I was trying to make a more specific point. Let me know if you think the distinction is meaningful -
So there are lots of "semi-rigorous" successes in Deep Learning. One I understand better than muP is good old Xavier initialization. Assuming that the activations at a given layer are normally distributed, we should scale our weights like 1/sqrt(n) so the activations don't diverge from layer to layer (since the sum of independent normals scales like sqrt(n)). This is exactly true for the first gradient step, but can become false at any later step once the weights are no longer independent and can "conspire" to blow up the activations anyway. So not a "proof" but successful in practice.
My understanding of muP is similar in that is "precise" only if certain correlations are well controlled (I'm fuzzy here). But still v. successful in practice. But the proof isn't airtight and we still need that last step - checking "in practice".
This is very different from the situation within statistical learning itself, which has many beautiful and unconditional results which we would very much like to port over to deep learning. My central point is that in the absence of a formal correspondence, we have to bridge the gap with evidence. That's why the last part of my comment was some evidence I think speaks against the intuitions of statistical learning theory. I consider Xavier initialization, muP, and scaling laws, etc. as examples where this bridge was successfully crossed - but still necessary! And so we're reduced to "arguing over evidence between paradigms" when we'd prefer to "prove results within a paradigm"

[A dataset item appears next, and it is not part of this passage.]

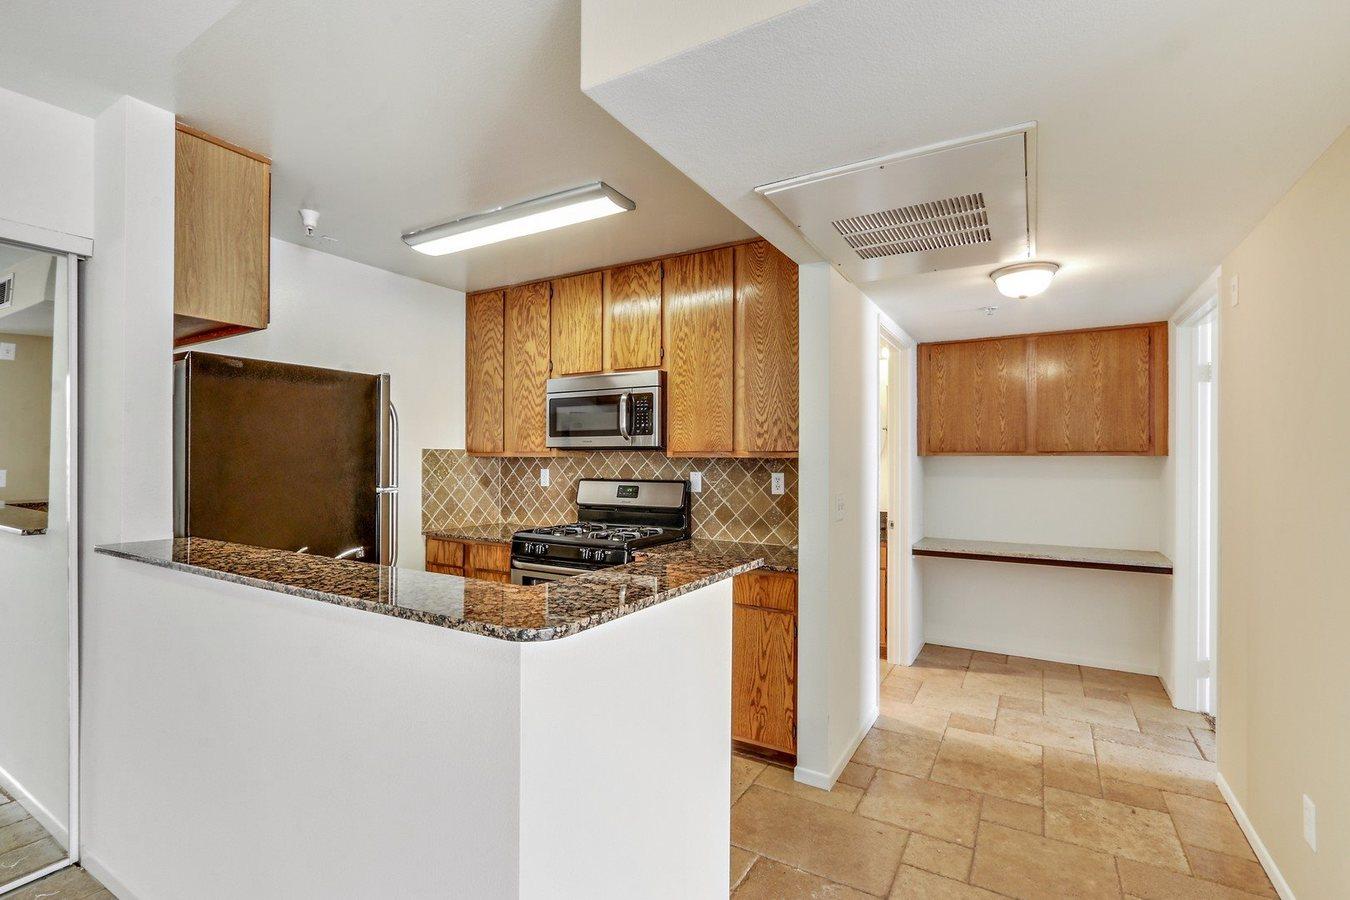 2 Bedrooms 2 Bathrooms Apartment for rent at Sophia Ridge in Reseda, CA

This does a great job of importing and translating a set of intuitions from a much more established and rigorous field. However, as with all works framing deep learning as a particular instance of some well-studied problem, it's vital to keep the context in mind:
Despite literally thousands of papers claiming to "understand deep learning" from experts in fields as various as computational complexity, compressed sensing, causal inference, and - yes - statistical learning, NO rigorous, first-principles analysis has ever computed any aspect of any deep learning model beyond toy settings. ALL published bounds are vacuous in practice.
It's worth exploring why, despite strong results in their own settings, and despite strong "intuitive" parallels to deep learning, this remains true. The issue is that all these intuitive arguments have holes big enough to accommodate, well, the end of the world. There are several such challenges in establishing a tight correspondence between "classical machine learning" and deep learning, but I'll focus on one that's been the focus of considerable effort: defining simplicity.

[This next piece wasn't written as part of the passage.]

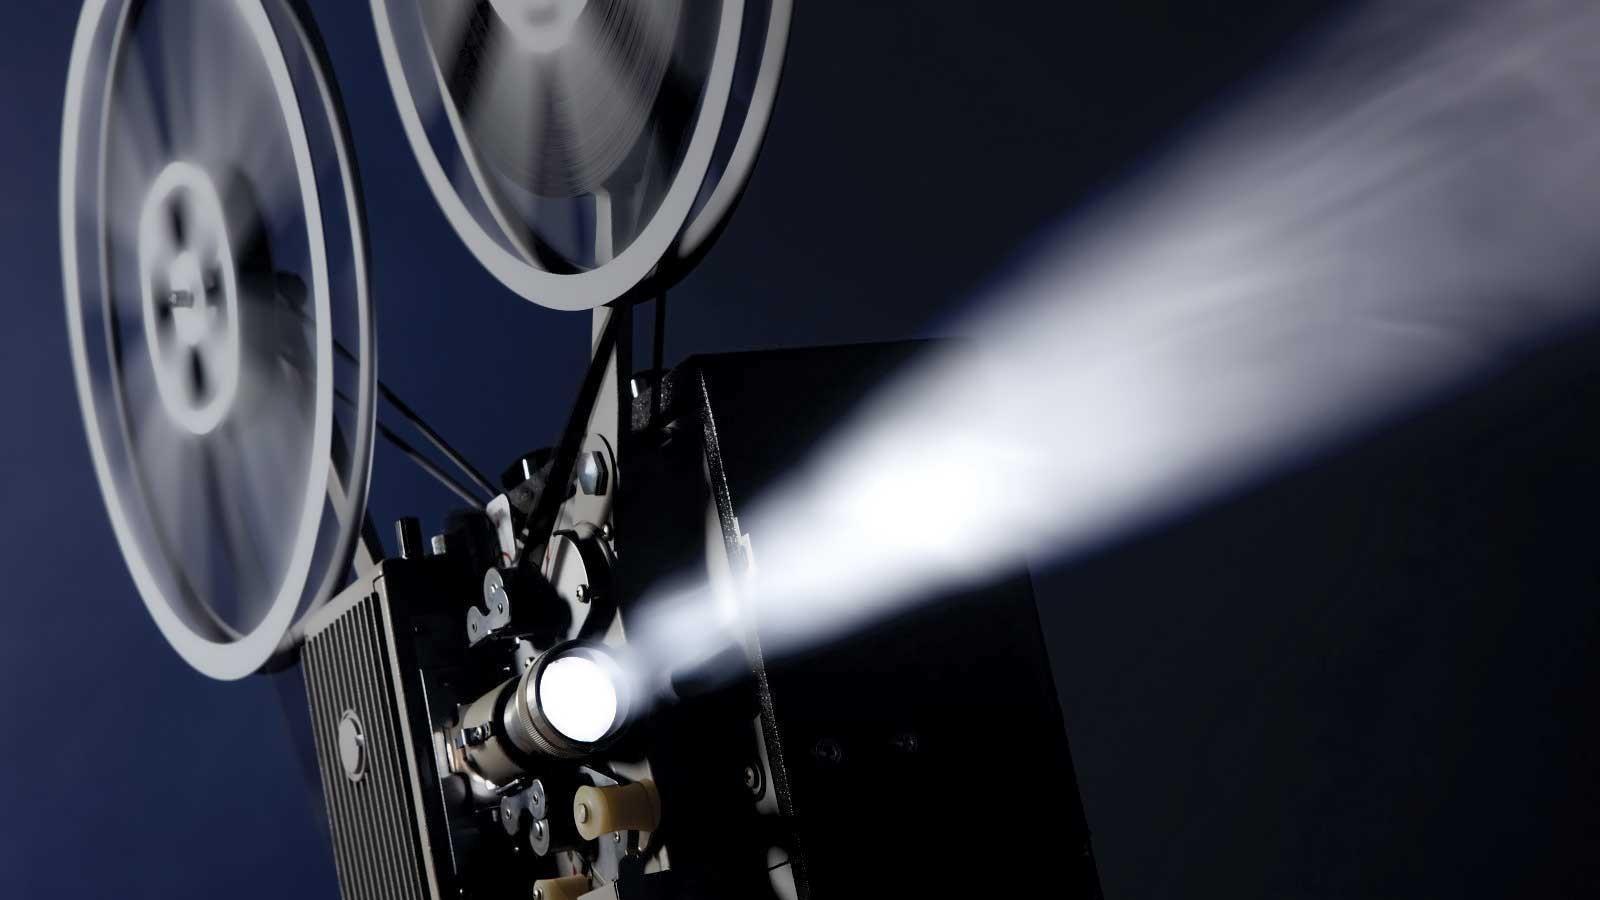 Ampliado prazo da MP que beneficia setor cinematográfico

This notion is essential. If we consider a truly arbitrary function, there is no need for a relationship between the behavior on one input and the behavior on another - the No Free Lunch Theorem. If we want our theory to have content (that is, to constrain the behavior of a Deep Learning system whatsoever) we'll need to narrow the range of possibilities. Tools from statistical learning like the VC dimension are useless as is due to overparameterization, as you mention. We'll need a notion of simplicity that captures what sorts of computational structures SGD finds in practice. Maybe circuit size, or minima sharpness, or noise sensitivity... - how hard could it be?
Well no one's managed it. To help understand why, here are two (of many) barrier cases:
For what notion is the first problem complicated, and the second simple?
Again, without such a notion, statistical learning theory makes no prediction whatsoever about the behavior of DL systems on new examples. If a model someday outputted a sequence of actions which caused the extinction of the human race, we couldn't object on principle, only say "so power-seeking was simpler after all". And even with such a notion, we'd still have to prove that Gradient Descent tends to find it in practice and a dozen other difficulties...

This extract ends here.